**Dataset entries**
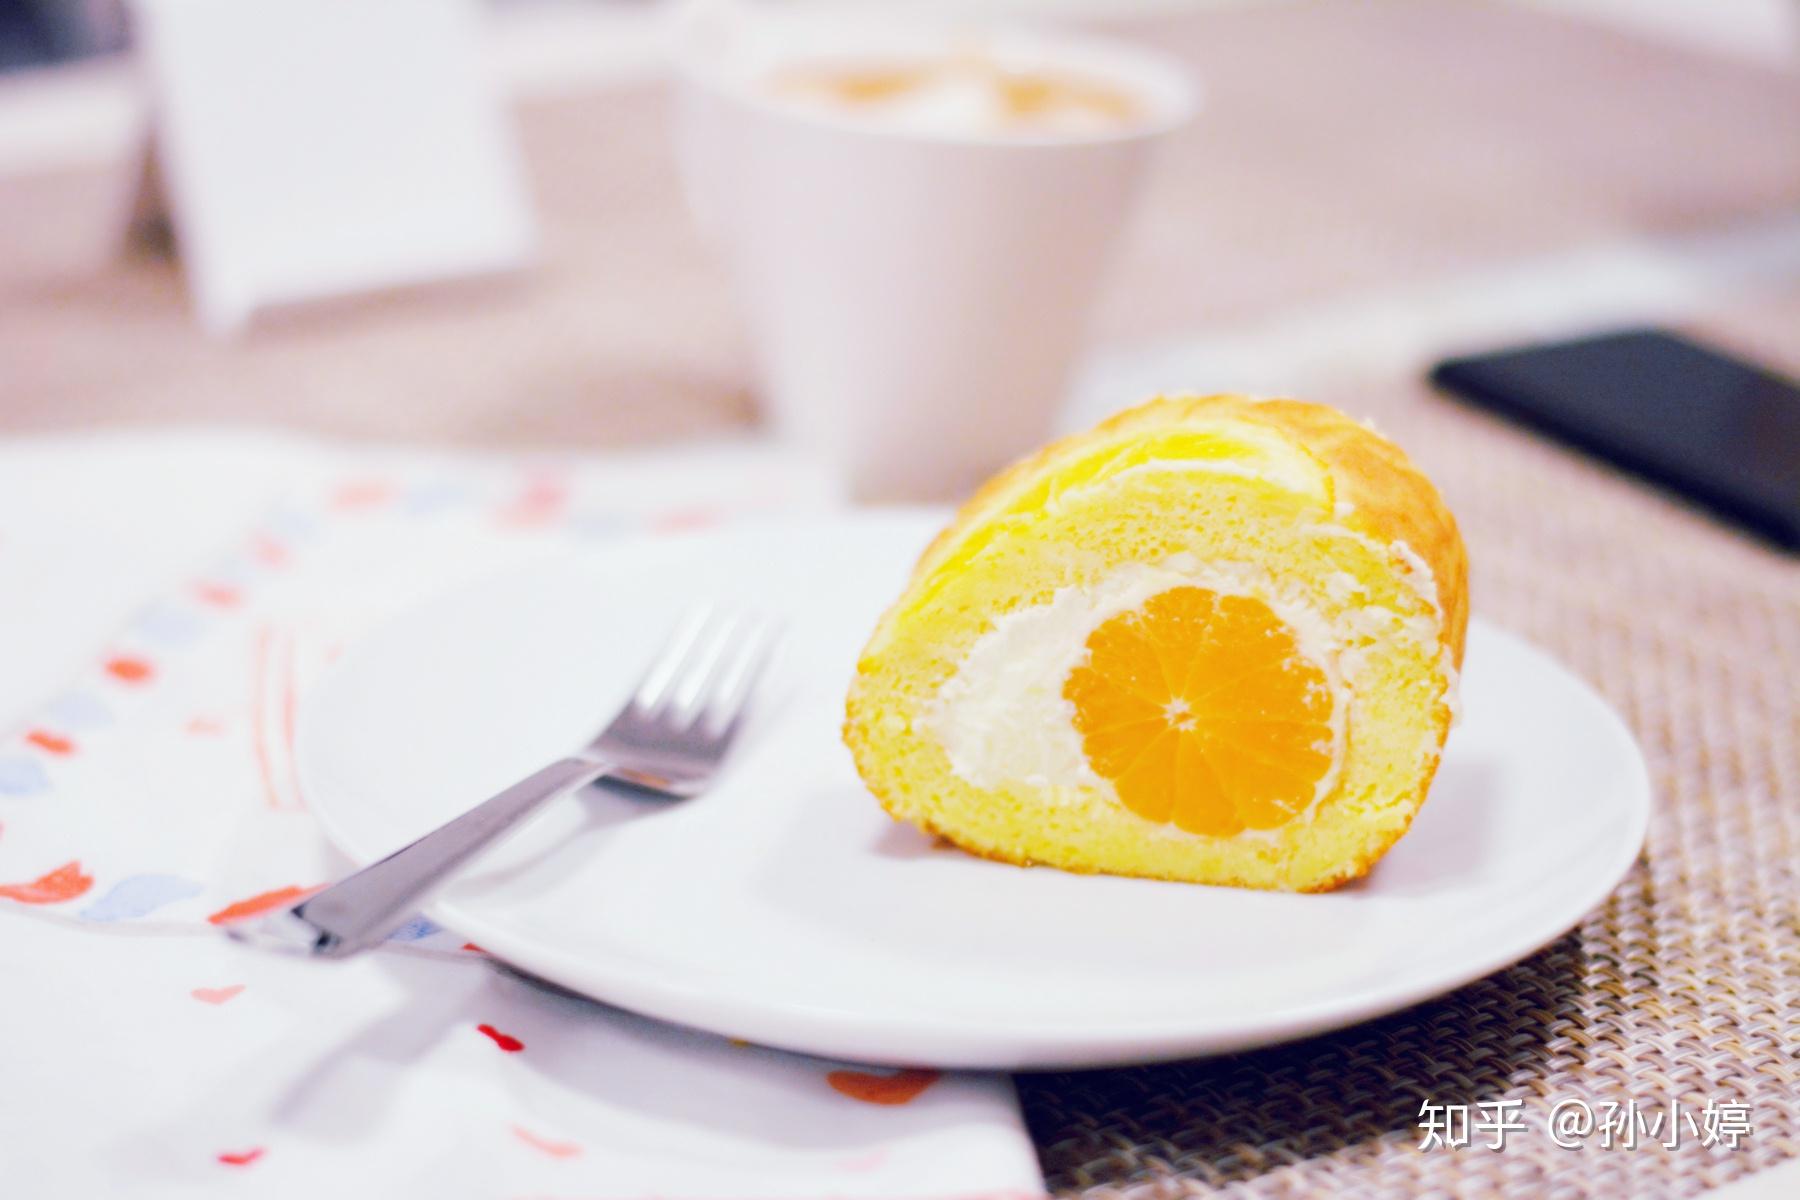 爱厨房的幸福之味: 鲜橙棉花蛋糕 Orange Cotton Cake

...

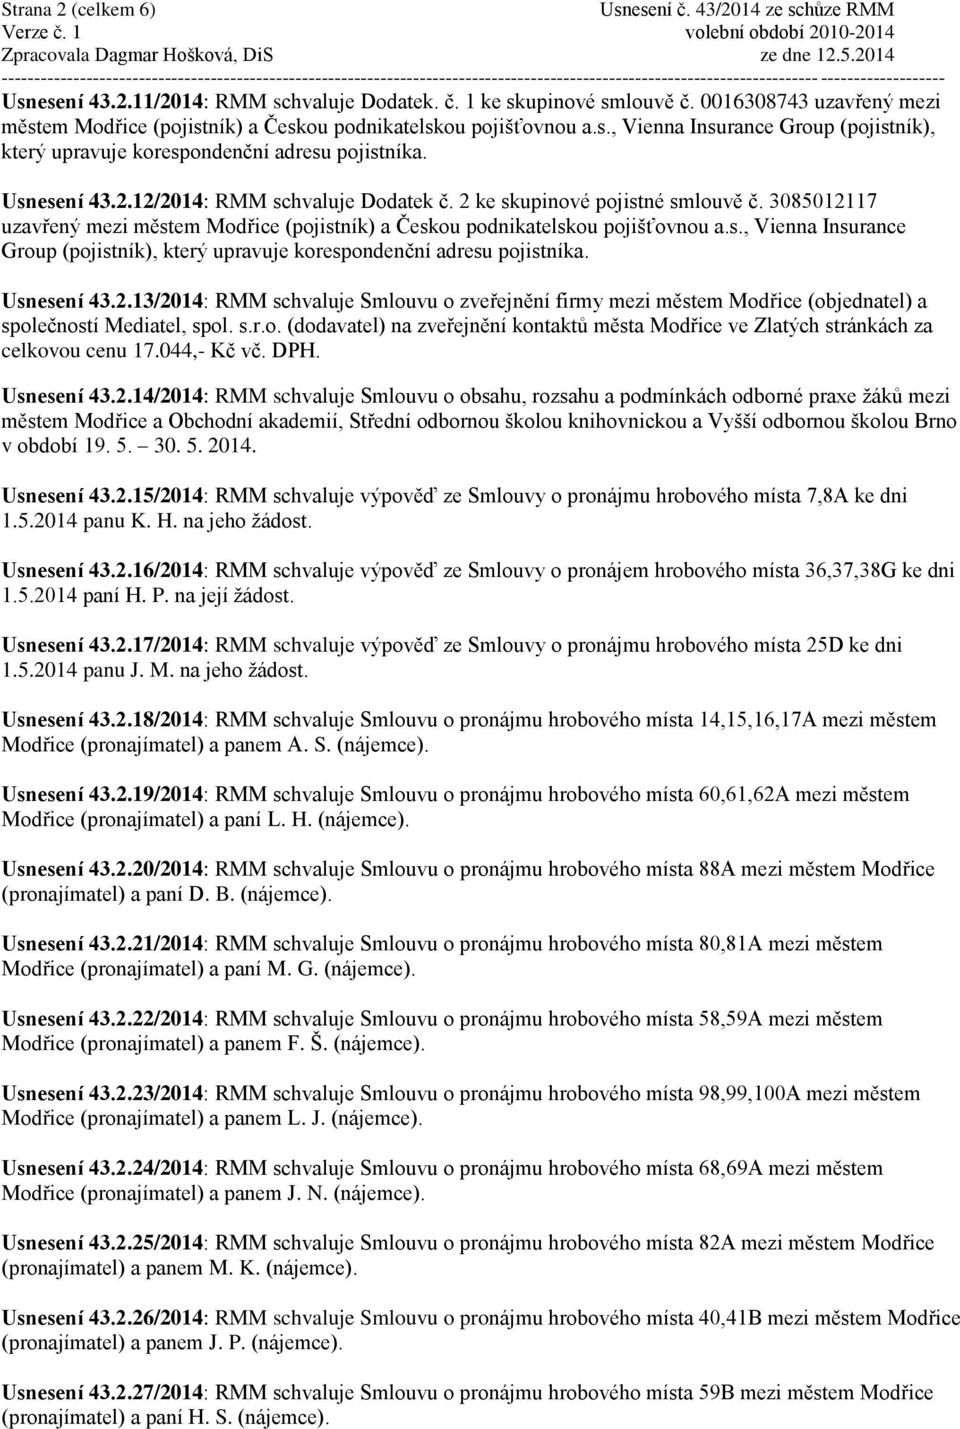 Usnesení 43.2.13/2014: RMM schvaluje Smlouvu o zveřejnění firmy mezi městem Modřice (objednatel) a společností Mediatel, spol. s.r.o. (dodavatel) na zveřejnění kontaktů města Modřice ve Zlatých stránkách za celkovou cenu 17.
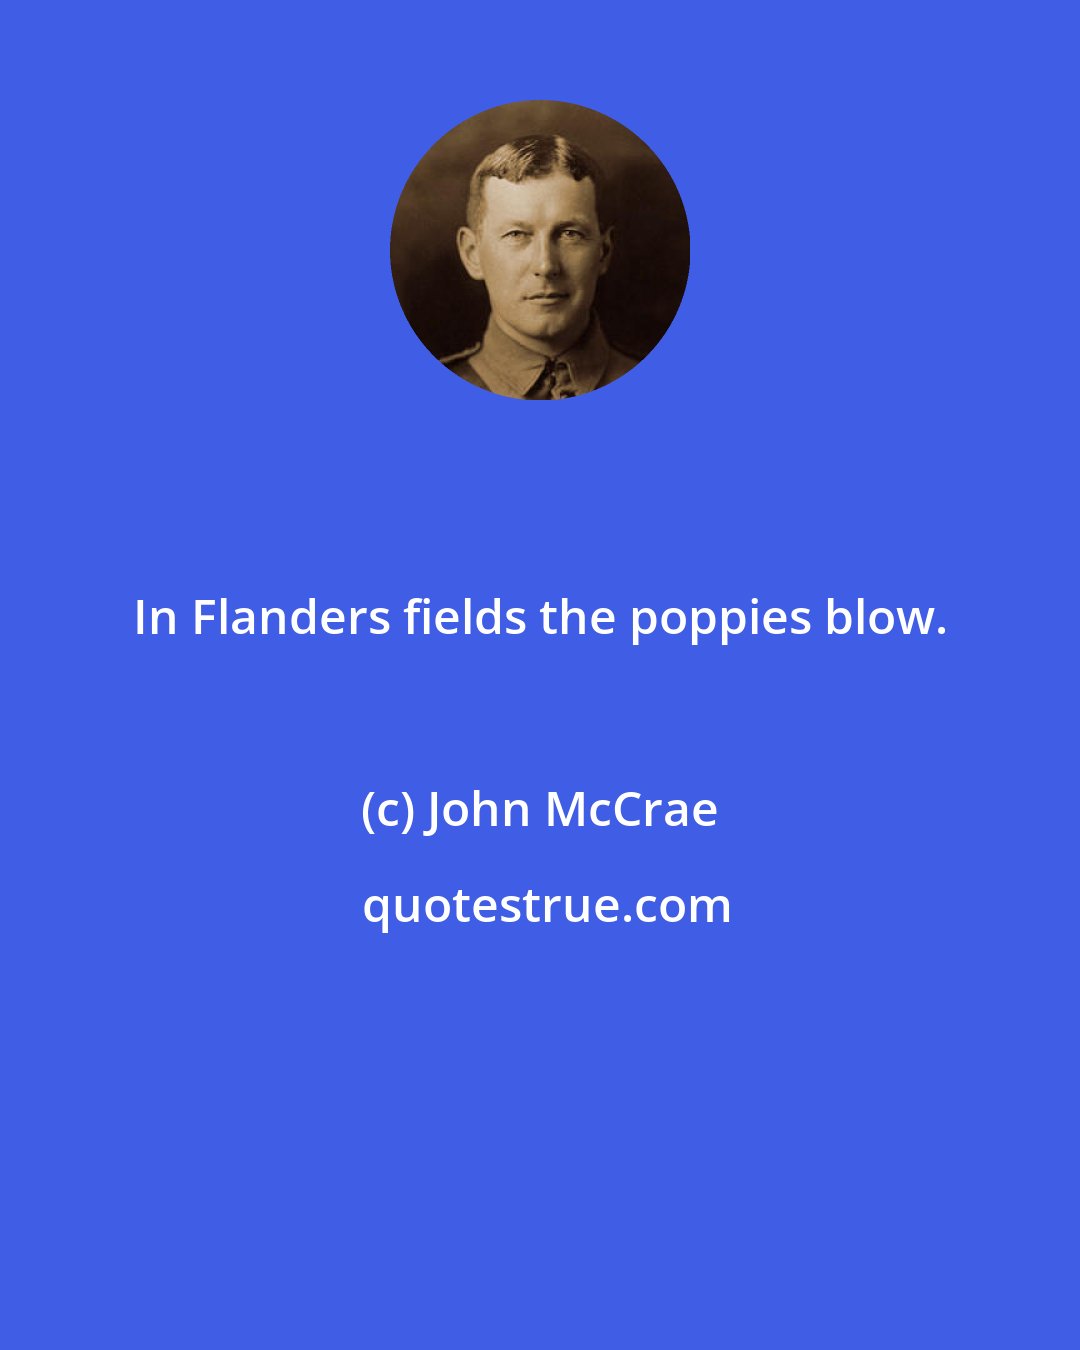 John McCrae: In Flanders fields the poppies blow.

**The problem**
Excluding any pictures, print exactly the lines of the listing above from the line with "Usnesení 43.2.13/2014: RMM" to the line with "John McCrae: In", both ends included.

**Output below**
 Usnesení 43.2.13/2014: RMM schvaluje Smlouvu o zveřejnění firmy mezi městem Modřice (objednatel) a společností Mediatel, spol. s.r.o. (dodavatel) na zveřejnění kontaktů města Modřice ve Zlatých stránkách za celkovou cenu 17.
 John McCrae: In Flanders fields the poppies blow.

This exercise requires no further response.